Veja que, desde a construção do piscinão da Praça da Bandeira, inaugurado no dia 29 de dezembro de 2013, antes da Copa do Mundo de 2014, não temos mais os tradicionais alagamentos anuais que tínhamos naquela região. Aquele piscinão tem capacidade para 18 milhões de litros, 20 metros de profundidade e 35 de diâmetro.

No entanto, esse tipo de obra é daquelas que governantes Tik Tokers não gostam, pois são subterrâneas e não aparecem para a população, não propiciando assim boas fotos e videos para eles usarem em suas campanhas eleitorais.

As nossas, infelizmente, tradicionais, enchentes (e mortes ocasionadas por elas) são rotina em nossa cidade e em nosso estado que até estão registradas em prosa e verso há muito tempo.

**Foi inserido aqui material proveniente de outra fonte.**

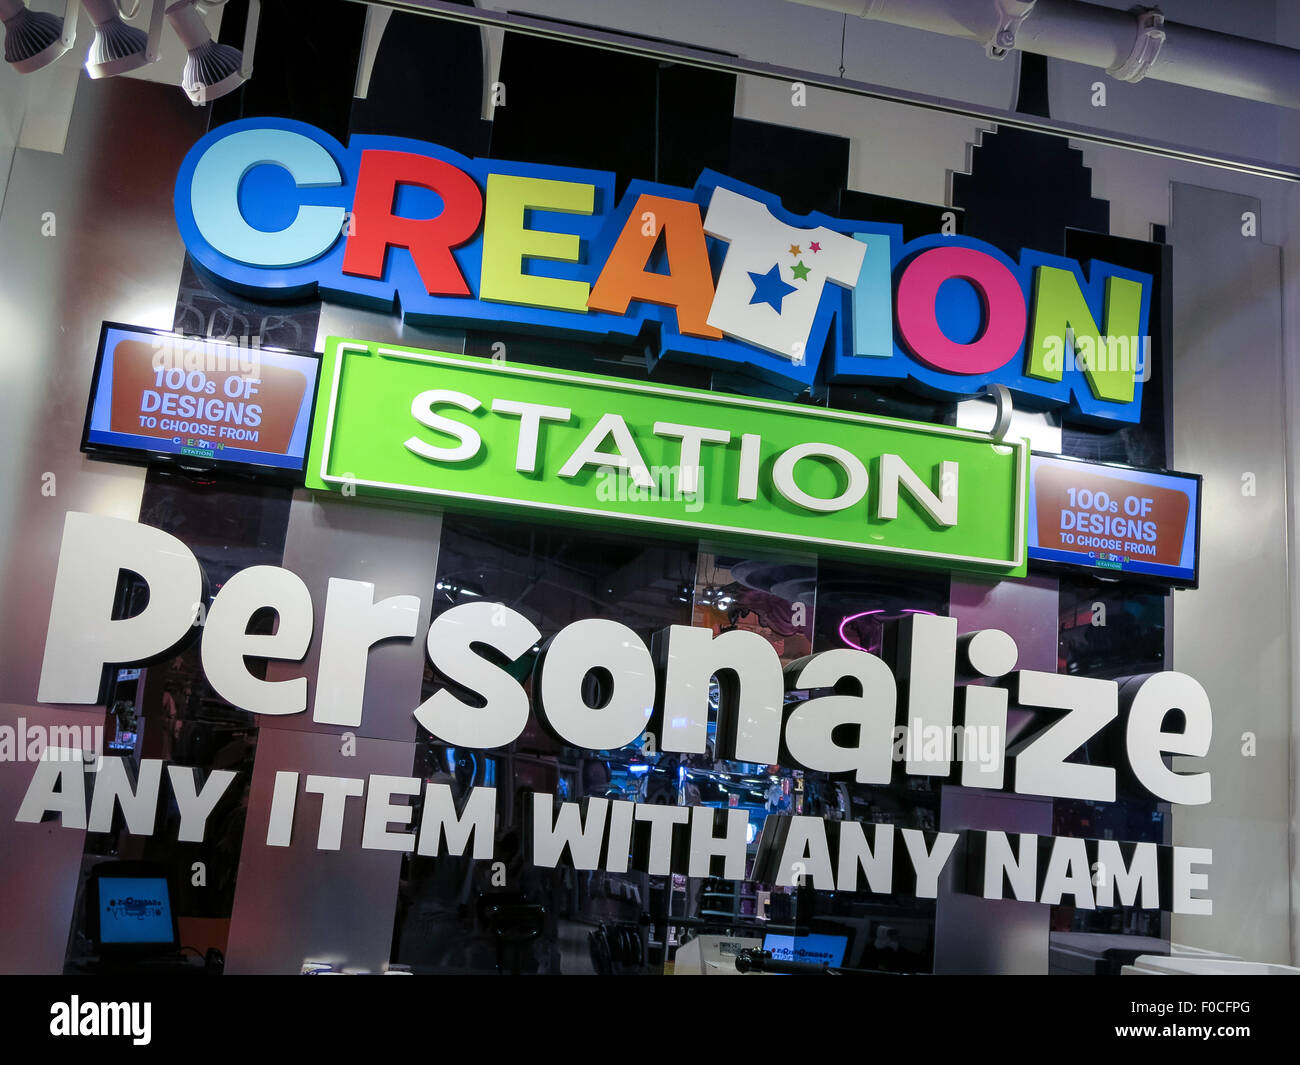 Personalize  Your Merchandise Station, Section Inside Toys R Us, Times Square, NYC Stock Photo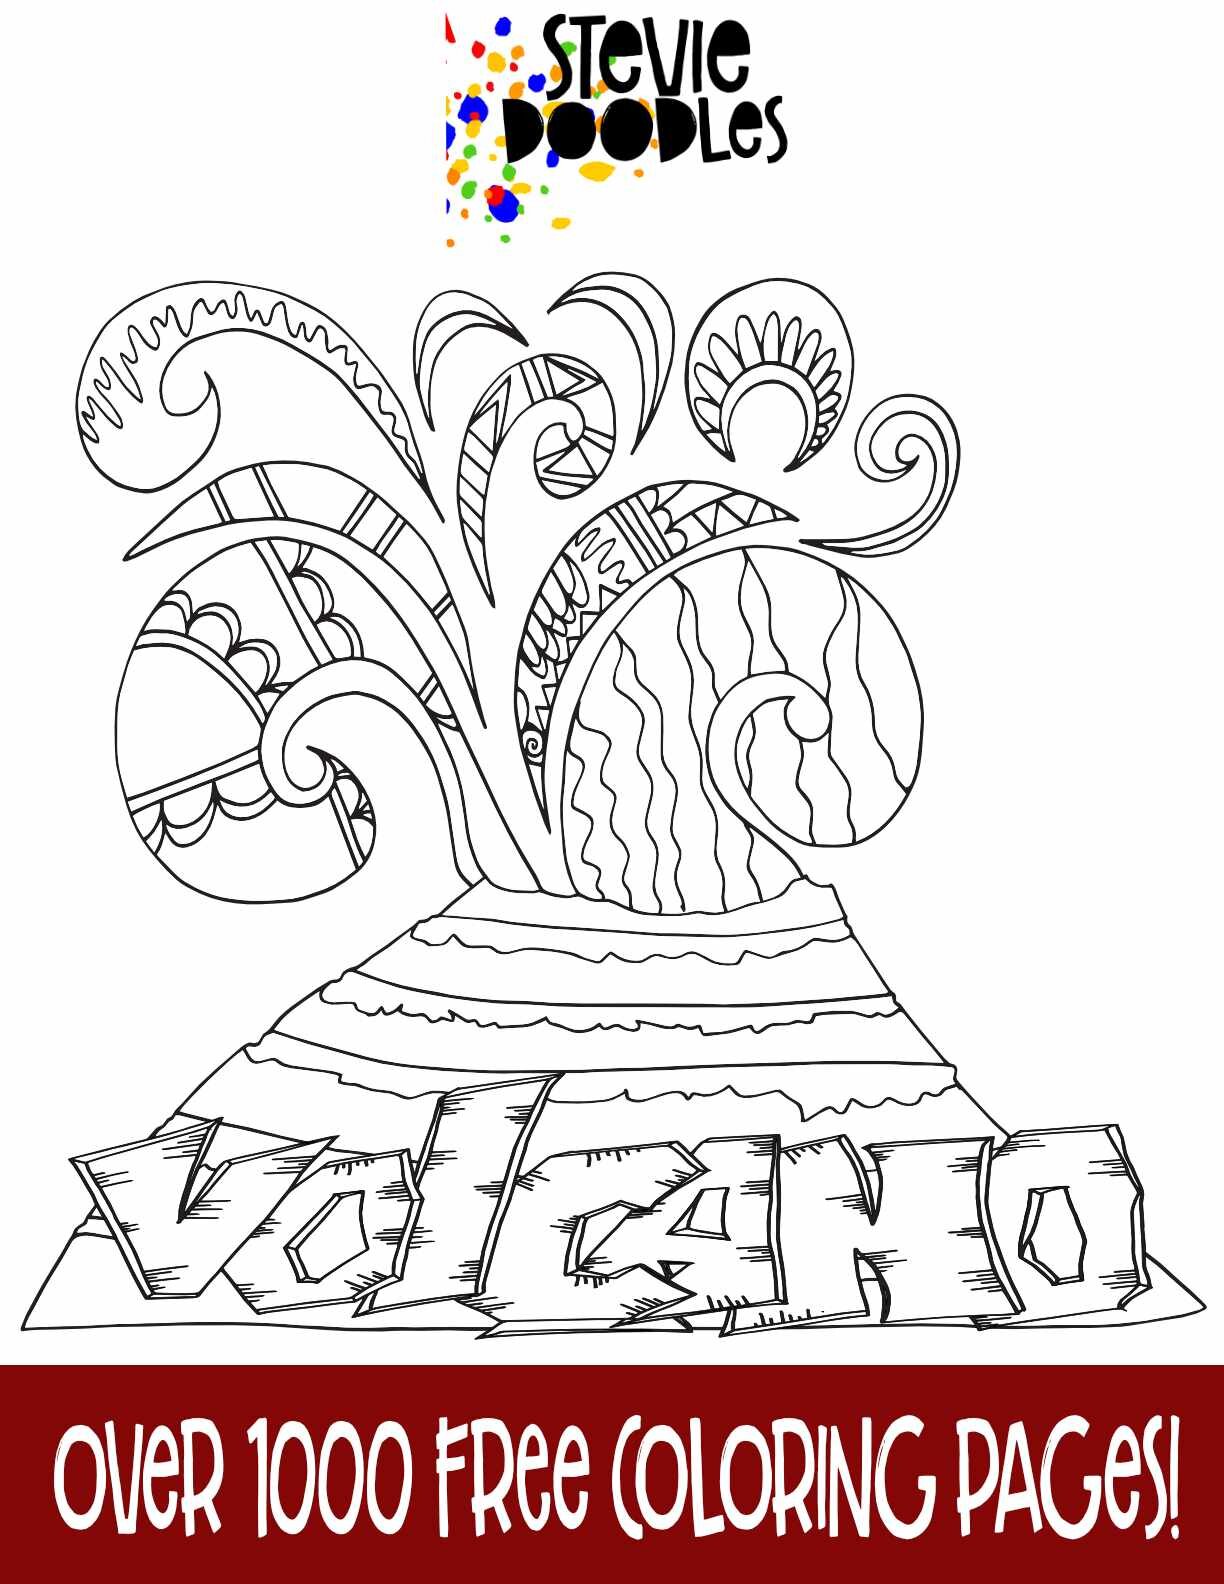 Volcano free coloring page â stevie doodles

Em 1915, ou seja, há quase 110 anos, o excelente cronista Lima Barreto publicou no periódico Correio da Noite, de 19/1/1915, uma crônica com o título “As enchentes”.

Nessa crônica, temos os seguintes trechos que até parece que foram escritos nos dias de hoje:

“As chuvaradas de verão, quase todos os anos, causam no nosso Rio de Janeiro inundações desastrosas.

Além da suspensão total do tráfego, com uma prejudicial interrupção das comunicações entre os vários pontos da cidade, essas inundações causam desastres pessoais lamentáveis, muitas perdas de haveres e destruição de imóveis.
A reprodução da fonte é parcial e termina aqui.